Kafka and Flink Are the Infrastructure for AI Agents

AI agents need real-time context to act autonomously. Discover how Kafka + Flink power adaptive, intelligent systems at Netflix and beyond.

Stéphane DerosiauxStéphane Derosiaux · March 25, 2025
Kafka and Flink Are the Infrastructure for AI Agents

Traditional software waits for commands. AI agents act on their own.

The distinction matters. Microservices with hardcoded rules handle known scenarios. AI agents respond to patterns they've never seen, adapting in real time. Kafka and Flink make this possible.

AI agents make decisions based on context. Context requires data, data that's current, streaming, and accessible at scale.

Kafka handles ingestion, distribution, and persistence of real-time data streams. Flink processes those streams, enabling inference within milliseconds. Together, they give AI agents the continuous context they need to act.

Confluent and Ververica (the original creators of Apache Flink) have built production systems that prove this architecture works.

Rule-Based Systems Break Under Complexity

Most production systems still run on explicit rules. If X, do Y. When a new scenario appears, the system freezes until a developer writes new code.

Security illustrates the problem. A rule-based system blocks an account after three failed login attempts. It treats a mistyped password the same as a coordinated attack.

An AI agent examines network behavior, location, historical patterns, and risk factors. It escalates authentication challenges, alerts security teams, or blocks access based on the full picture.

Organizations drowning in data can't update rules fast enough. AI agents extend what's possible: they interpret ambiguous situations, refine decisions over time, and operate at machine speed.

Companies clinging to static logic will fall behind. The question isn't whether AI agents replace rule-based automation. It's how long you can afford to wait.

AI agents consume multiple data streams simultaneously: security logs, user interactions, market data, network activity. Kafka provides the transport. Flink embeds model inference directly into streaming pipelines.

Confluent introduced AI Model Inference in Confluent Cloud for Apache Flink (ml_predict, ml_evaluate), making real-time intelligence accessible without custom infrastructure:

Learn more: Mastering Real-Time RAG with Flink

This runs in production today.

Netflix uses Kafka and Flink to analyze user interactions and adjust recommendations in real time, including generating personalized thumbnails.

Hedge funds process stock market volatility in milliseconds, adjusting risk profiles before human traders can react.

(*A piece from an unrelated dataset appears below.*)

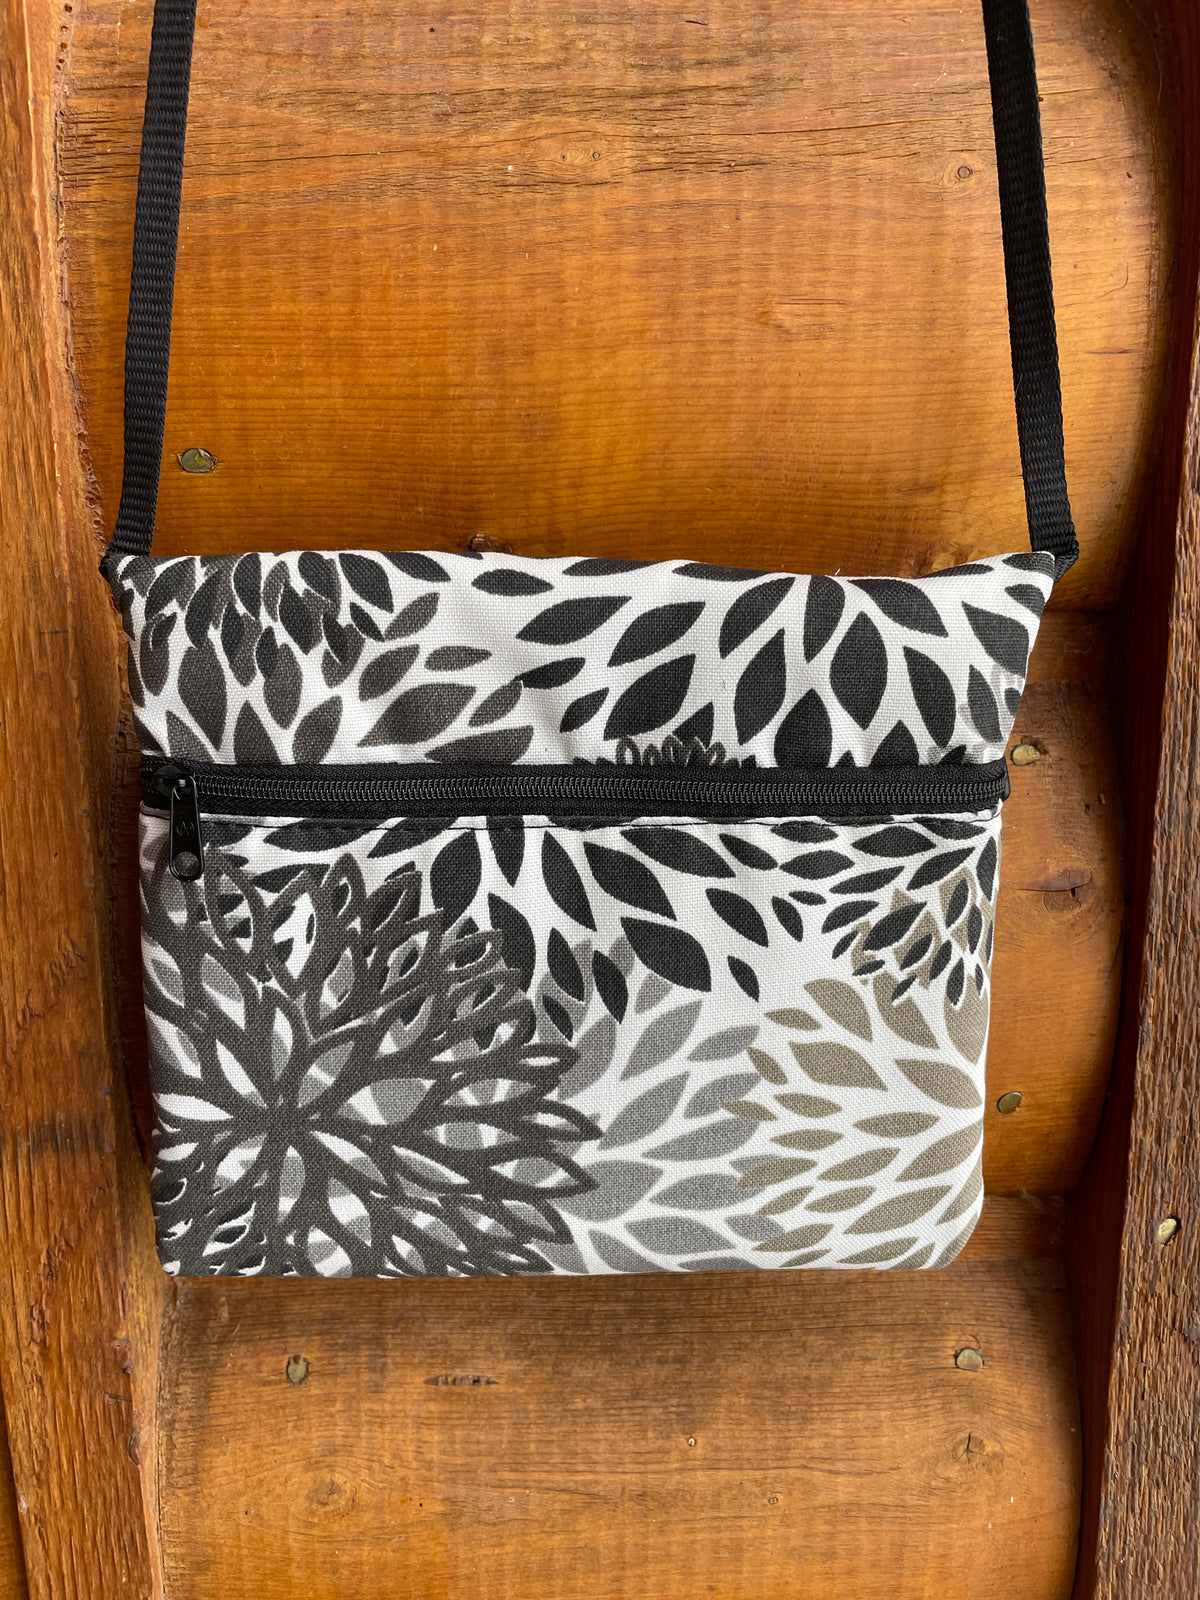 3 Zip Bag Black- Floral Print Fabric

Without Kafka and Flink, AI agents have no current data. With them, agents operate as a real-time intelligence layer.

AI Agents Are Not Enhanced Microservices

The mental model matters. Microservices execute pre-coded logic. AI agents generalize from data.

Differences:

  • AI agents refine decisions without code changes
  • AI agents recognize patterns not explicitly programmed
  • AI agents process structured and unstructured data without rigid schemas

Traditional applications require human updates to evolve. AI agents continuously retrain.

This isn't replacement. It's augmentation. AI provides the intelligence layer; microservices handle the execution.

Source: Microsoft's Microagent Architecture

Operational Challenges With AI Agents

AI agents make probabilistic decisions. This creates problems:

  • Model drift: behavior changes unpredictably as data distributions shift
  • Inference cost: real-time AI at scale requires GPUs/TPUs
  • Governance: unchecked agents can conflict with business goals

These are engineering problems, not reasons to avoid AI agents. Small Language Models (SLMs) offer low-latency inference without massive compute requirements. Governance requires structured autonomy levels.

Defining Autonomy Boundaries

AI agents need defined operating boundaries, like employees with clear roles.

Questions to answer:

  • Should an AI financial agent block trades without human approval?
  • Can an observability agent restart cloud infrastructure autonomously?
  • Should an AI code reviewer merge PRs and trigger deployments?

Three autonomy levels:

  1. Recommendations: AI suggests, humans approve
  2. Controlled actions: AI operates within constraints (auto-scaling, failover policies)
  3. Autonomous actions: AI acts independently with full audit trails

AI architectures don't center on a single super-agent. They consist of specialized agents, each with defined boundaries, continuously optimizing within their scope.

Production Examples

AI-powered security agents detect and prevent attacks before they succeed. Predictive maintenance bots keep IoT networks running. Financial models adjust risk dynamically based on live market conditions.

All of them run on the same infrastructure: Kafka and Flink.